Thanks to this will succeed:
- Catch and destroy most of the errors and bugs.
- Understand what was missed at the time of development, and promptly add missing features, elements or instructions.
- Get feedback from users and understand what needs to be improved to make the platform more convenient and understandable.
How to comply with government regulations
Hire a lawyer. The lending market is highly regulated, so a lawyer in the state is a prerequisite for the work of any organization that is engaged in business in this segment. You need to hire a lawyer before you:
- draw up standard loan agreements;
- sign the first loan and / or investment agreement.
Work with banking professionals. A startup team must have at least one person with education and experience in the banking sector. It is needed to ensure the relevance of credit products and the compliance of procedures with industry standards. In particular, it is necessary to ensure compliance with the Law on Electronic Transfer of Funds, the Law on Private Credit Reporting and the Law on Bank Secrets.

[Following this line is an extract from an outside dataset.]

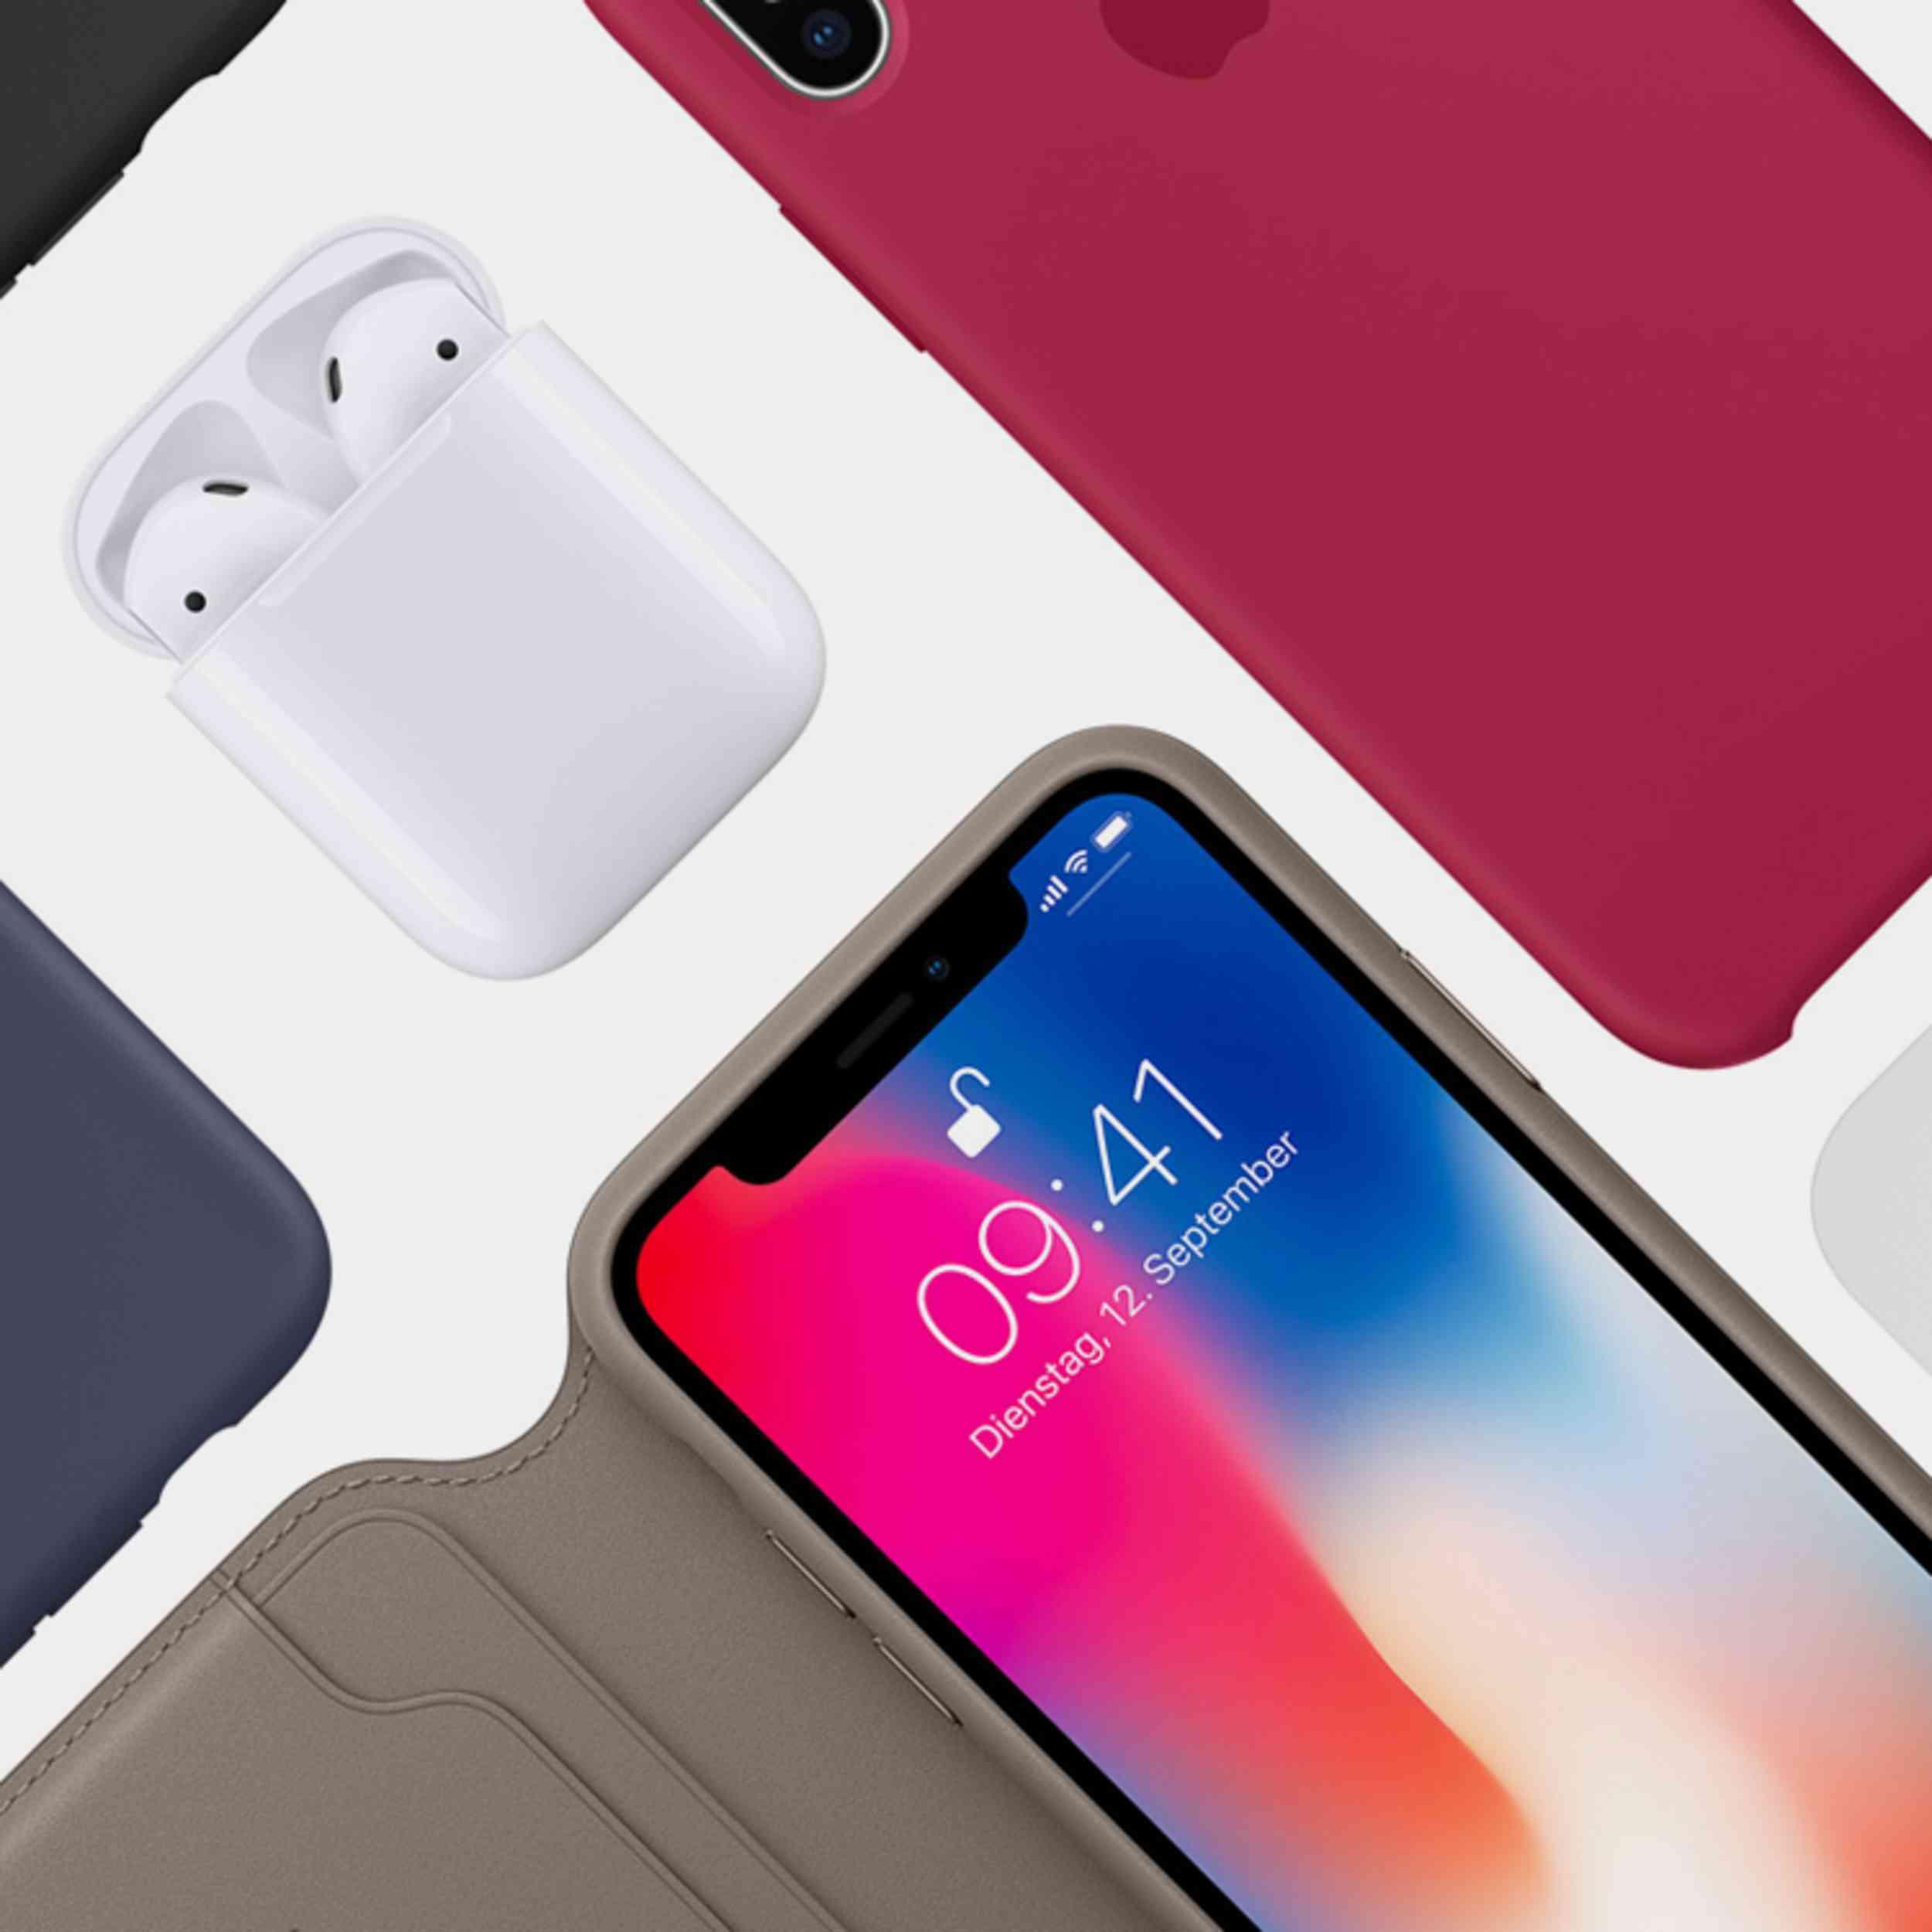 WIRED erklärt den Erfolg des iPhones   WIRED Germany

Establish anti-discrimination policy. Federal consumer credit laws prohibit the use of discriminatory lending practices (not all, there are exceptions).
Example of indirect discrimination. Source of the image: topsimages
One should also be aware of indirect discrimination, when seemingly neutral on paper criteria for selecting borrowers in practice put representatives of a certain group of people at a disadvantage compared to other groups.